When a train attempts to speed up or slow down, this gelatinous "slime" can cause the wheels to slip or slide along the rails. In severe cases the train will automatically make an emergency stop, because the on-board computer system perceives "slip-sliding" as excessive speed. And this slip-sliding and braking can also create flat spots on the train's wheels, forcing us to take much-needed equipment out of service for repairs.
Over the past several years, we have taken a very proactive approach to combating this problem, and you've been experiencing slippery rail less and less frequently.
Changes we have enacted include:
- Instructing our engineers to report slippery conditions immediately to our Operations Control Center. (We have also provided additional training in how to operate through these "slippery" areas.)

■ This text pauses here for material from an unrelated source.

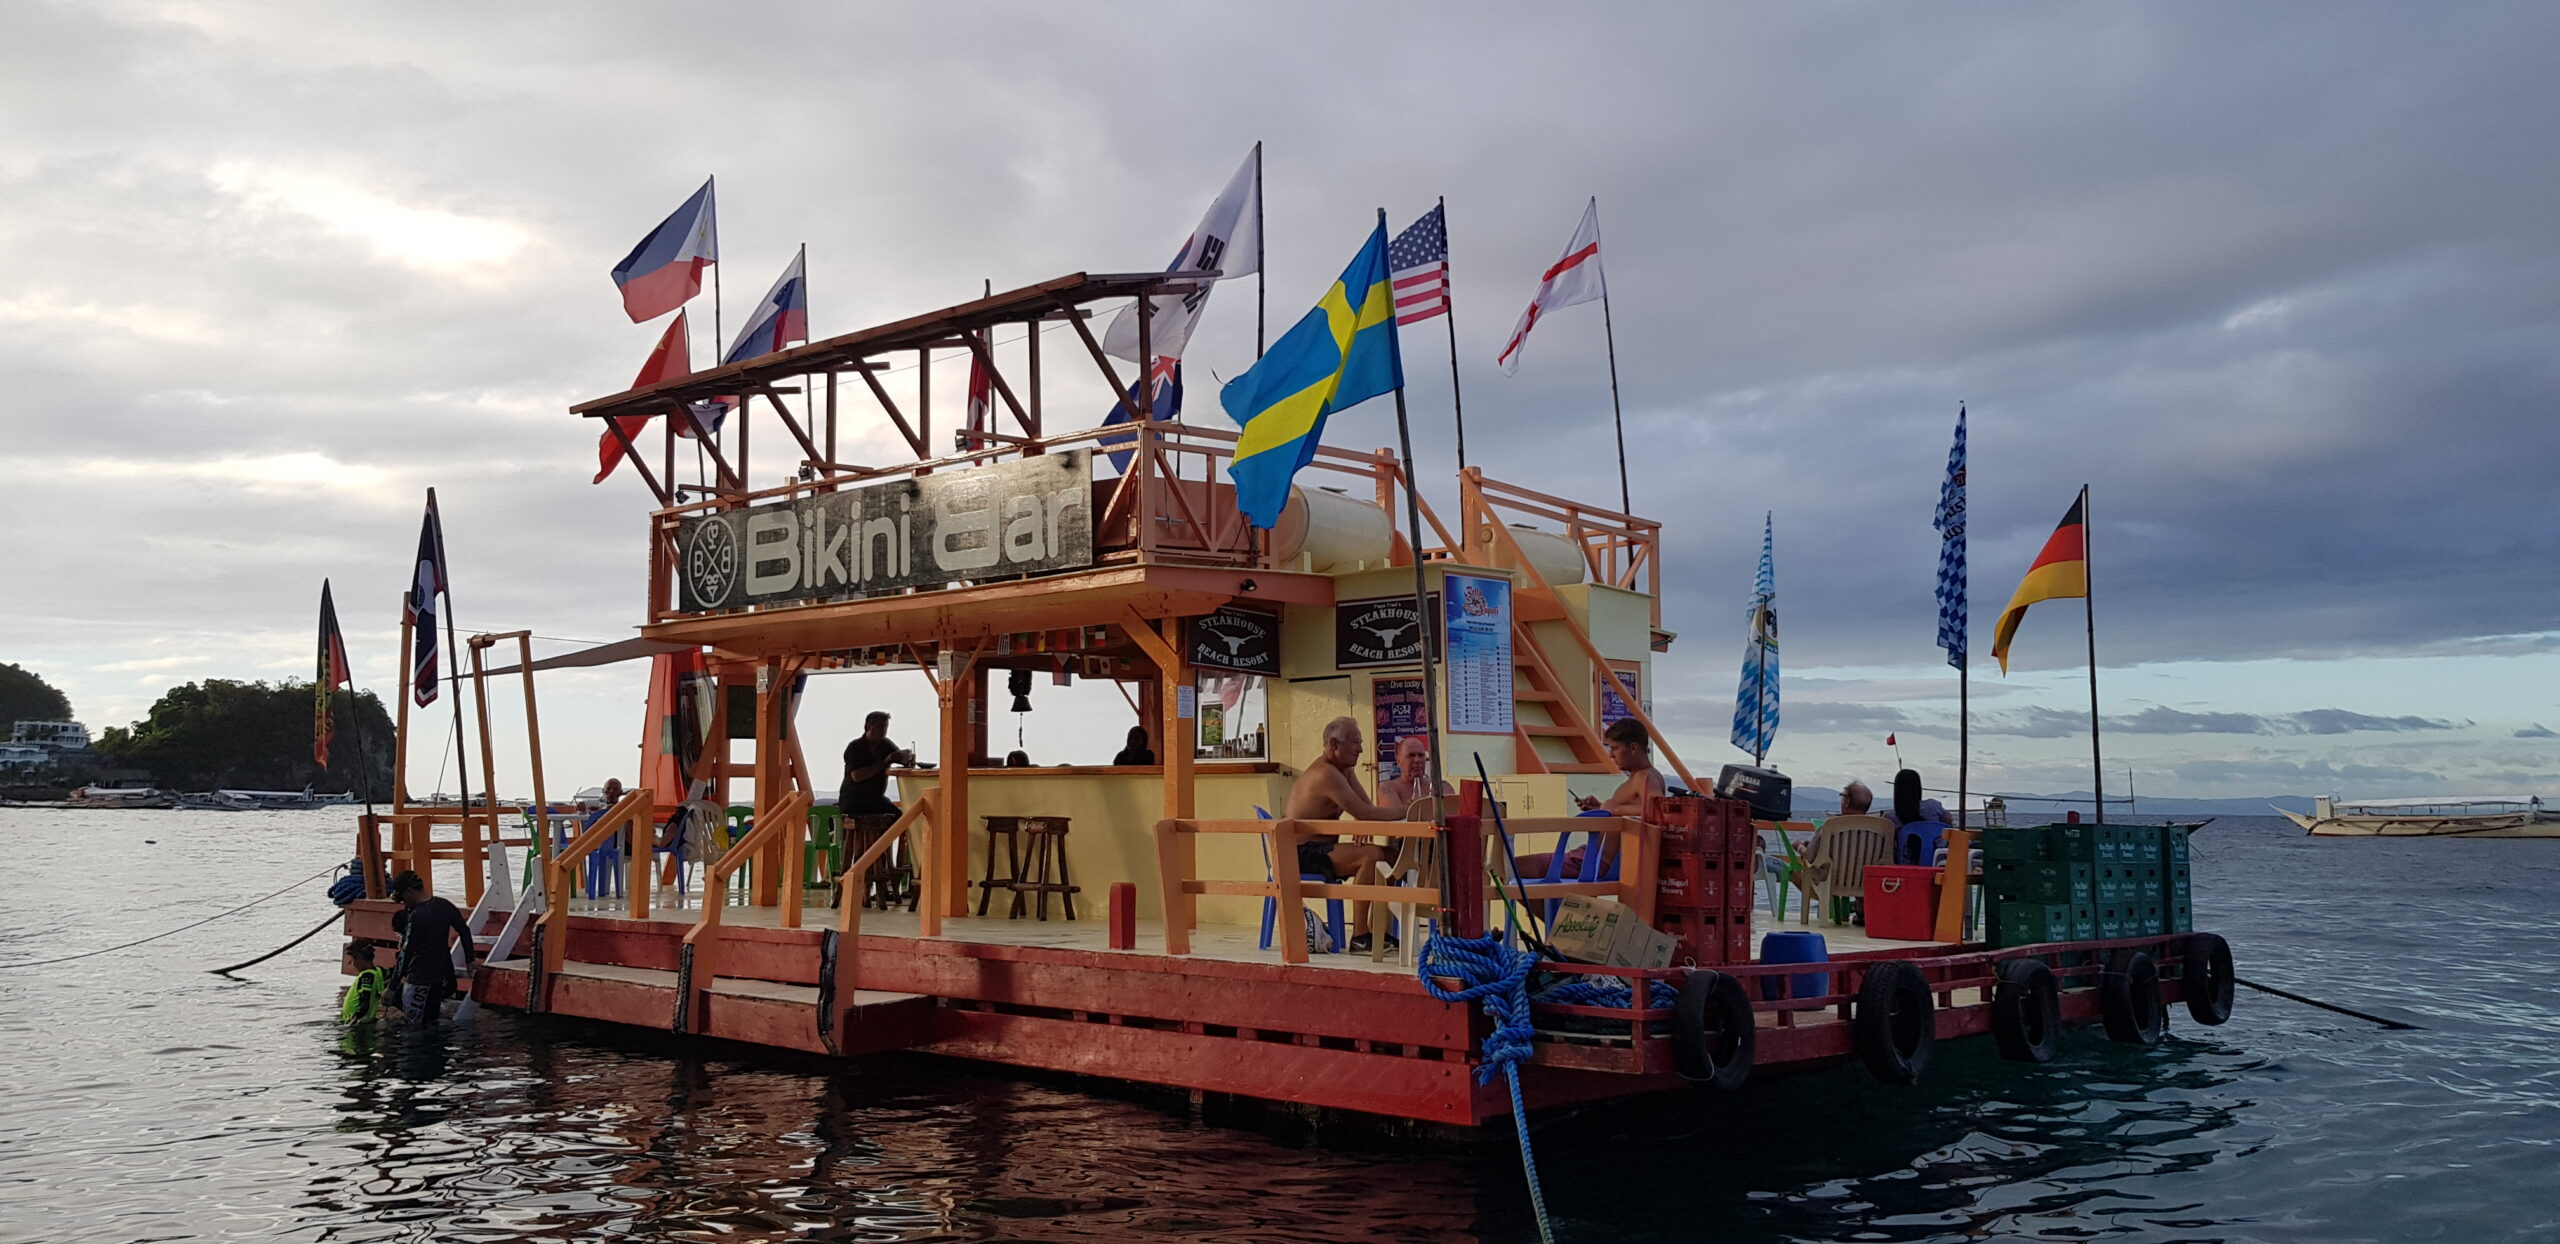 Mindoro Attractions - Bikini Floating Bar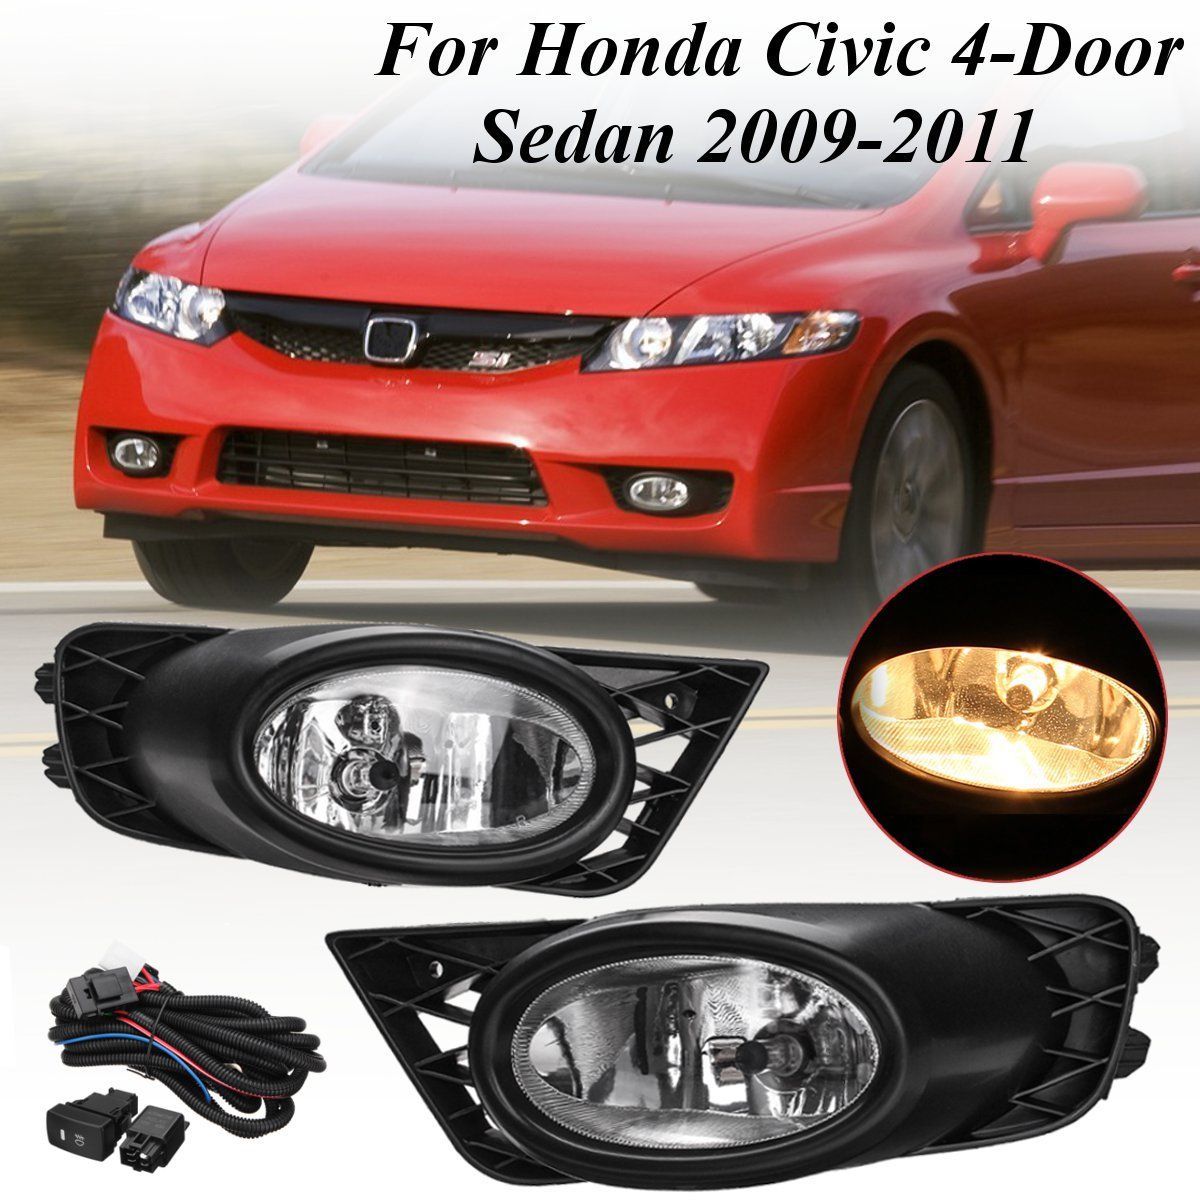 2PCS-H11-55W-Car-Front-Bumper-Fog-Lights-Lamp-for-Honda-Civic-4-Door-Sedan-2009-2011-1307404

- Enhancing our computerized train-tracking system to allow for automatic reporting of slip-slide incidents and conditions, enabling us to take corrective action more quickly.
- Installing a Wheel Impact Load Detector (WILD) across all four tracks in the Park Avenue Tunnel. This monitors for wheel flats that may have developed during operation and allows us to identify and prioritize wheels for repair.
- Installing a tandem Wheel Truing Lathe in Harmon Shop. We built a state-of-the-art wheel true facility in Harmon that can cut both wheels on a truck simultaneously. This allows for proper wheel diameter matching and also helps us return cars to service more quickly so we have enough cars available for our customers. CDOT is currently building a second identical facility in New Haven to support our new M8 Fleet..
Many of you may notice that under extreme conditions, we now reduce speeds through problem areas. While this may result in a slight delay to your service, it ensures safe operation of our trains and also prevents a greater delay because of wheel damage. And no flat spots on train wheels also means we can operate at regular speeds in non-problem areas, and we don't need to take the equipment out of service to maintain it.
We have also stepped up our efforts to keep our right of way as "leaf free" as possible. (This is no small feat given the number of trees that line our tracks.) We use rail washers and scrubbers more frequently to remove dead leaves from the tracks. And on-board "sanders" on our diesel trains automatically drop sand on our tracks to help improve traction and reduce wheel slippage when it begins to occur.
We please ask that you keep in mind that while we can reduce the incidents of slippery rail, we cannot eliminate them. We will continue our efforts to try to minimize any delays and inconvenience slippery rail may create for you this autumn. And, as always, we appreciate your patience.